Best Times to Post for 'Show HN' Comments
06:00 PM: 15.77 average comments per post
12:00 AM: 15.71 average comments per post
02:00 PM: 13.44 average comments per post
11:00 PM: 12.42 average comments per post
10:00 PM: 12.39 average comments per post


The best time to submit a post to show the Hacker New community a project that you are working on is generally later in the evening.

In [114]:
# When are the best times for Other Posts?

other_com_by_hr = comments_by_hour(other_posts)

other_posts_by_hr = posts_by_hour(other_posts)

other_avg_by_hr = avg_by_hour(other_com_by_hr, other_posts_by_hr)

best_time_to_post_other = sort_by_avg_comments(other_avg_by_hr)

f_print_top5("Best Times to Post 'Other Content' for Comments", best_time_to_post_other)
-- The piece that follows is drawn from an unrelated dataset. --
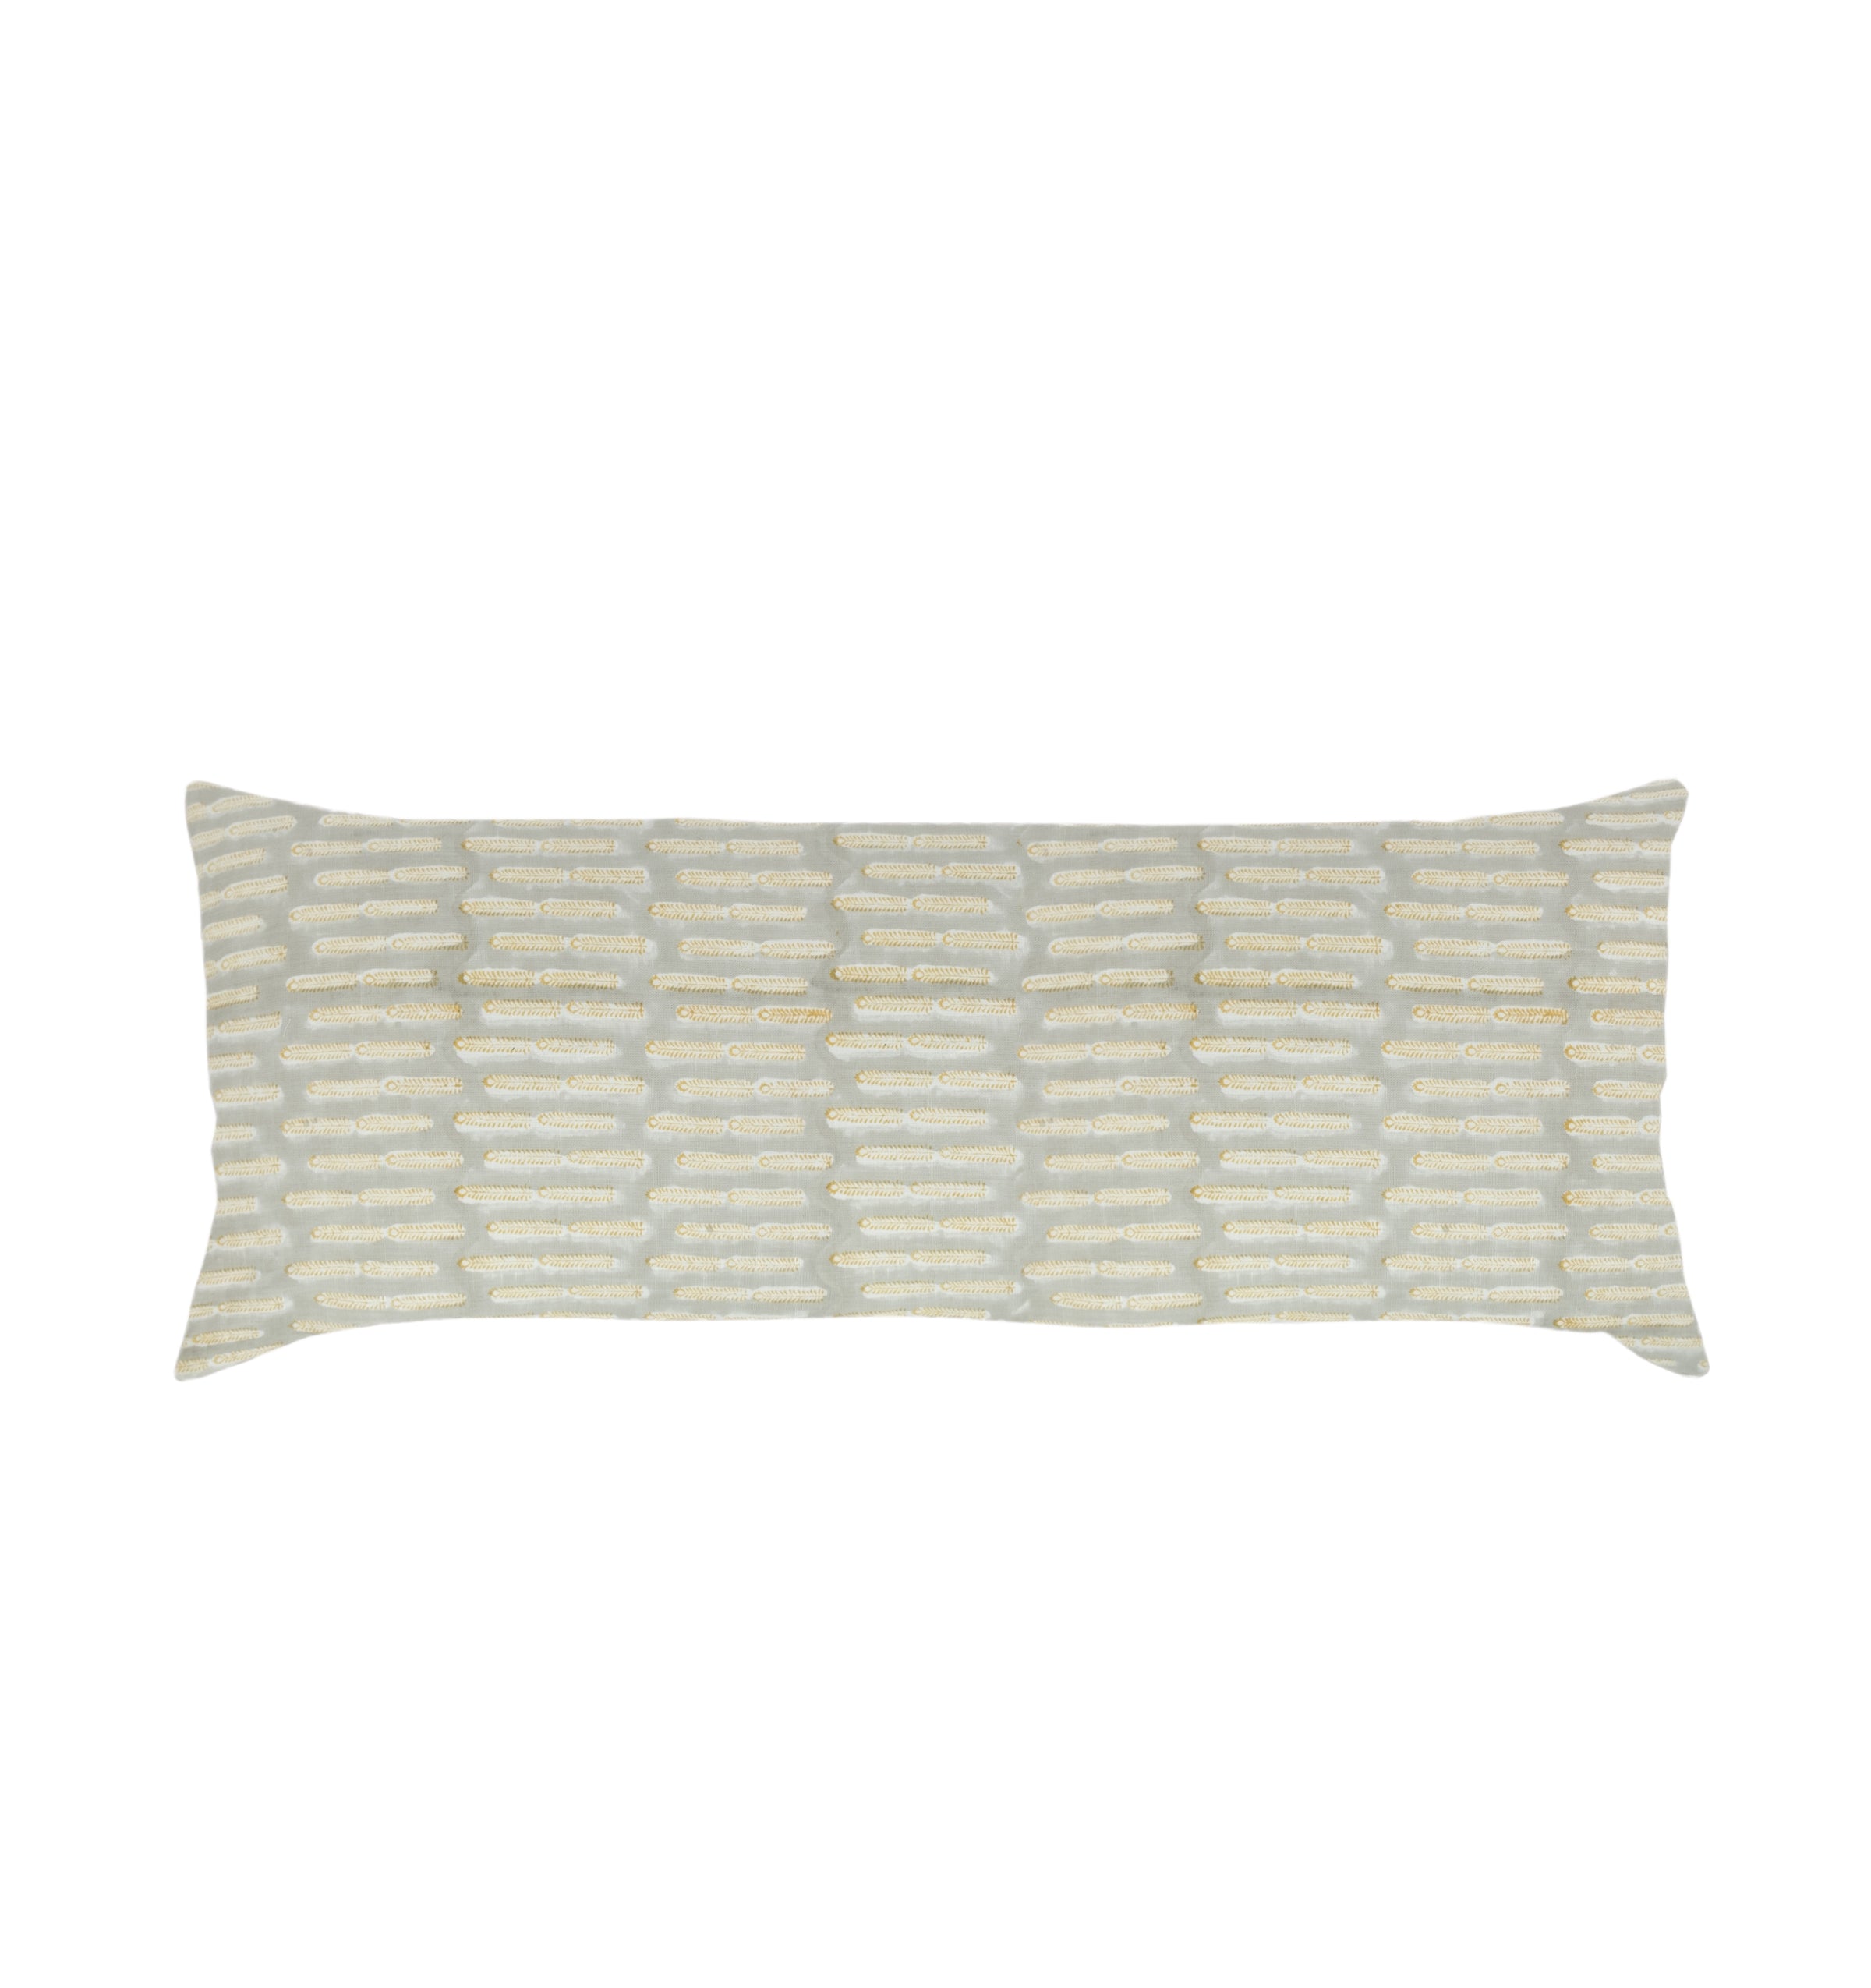 Savannah Dijon Linen Pillow

Best Times to Post 'Other Content' for Comments
02:00 PM: 32.33 average comments per post
01:00 PM: 30.90 average comments per post
12:00 PM: 30.35 average comments per post
11:00 AM: 29.59 average comments per post
03:00 PM: 29.52 average comments per post


The afternoon is generally the best time to submit a post with 'Other Content' to generate comments from the Hacker News community.

## Conclusion

To summarize our results, we found that on average 'Ask HN' posts received more comments than posts in the 'Show HN' category. But overall, posts to the 'Other' category received the most comments, on average, from the Hacker News community.

The afternoon is the best time for members to post 'Other' content to generate comments from the Hacker News community. The top 5 hours to submit a post are between 11 AM and 3 PM.

The best time to submit a post to ask the Hacker News community a question is generally later in the afternoon or early evening hours. The best hours to submit posts to 'Ask HN' were 3 PM, 4 PM, 8 PM, 9 PM and 2 AM.

Posts to 'Show HN' attract more comments on average if they are submitted later in the afternoon or evening hours. The best hours to submit a 'Show HN' post were 2 PM, 6 PM, 10 PM, 11 PM and 12 AM.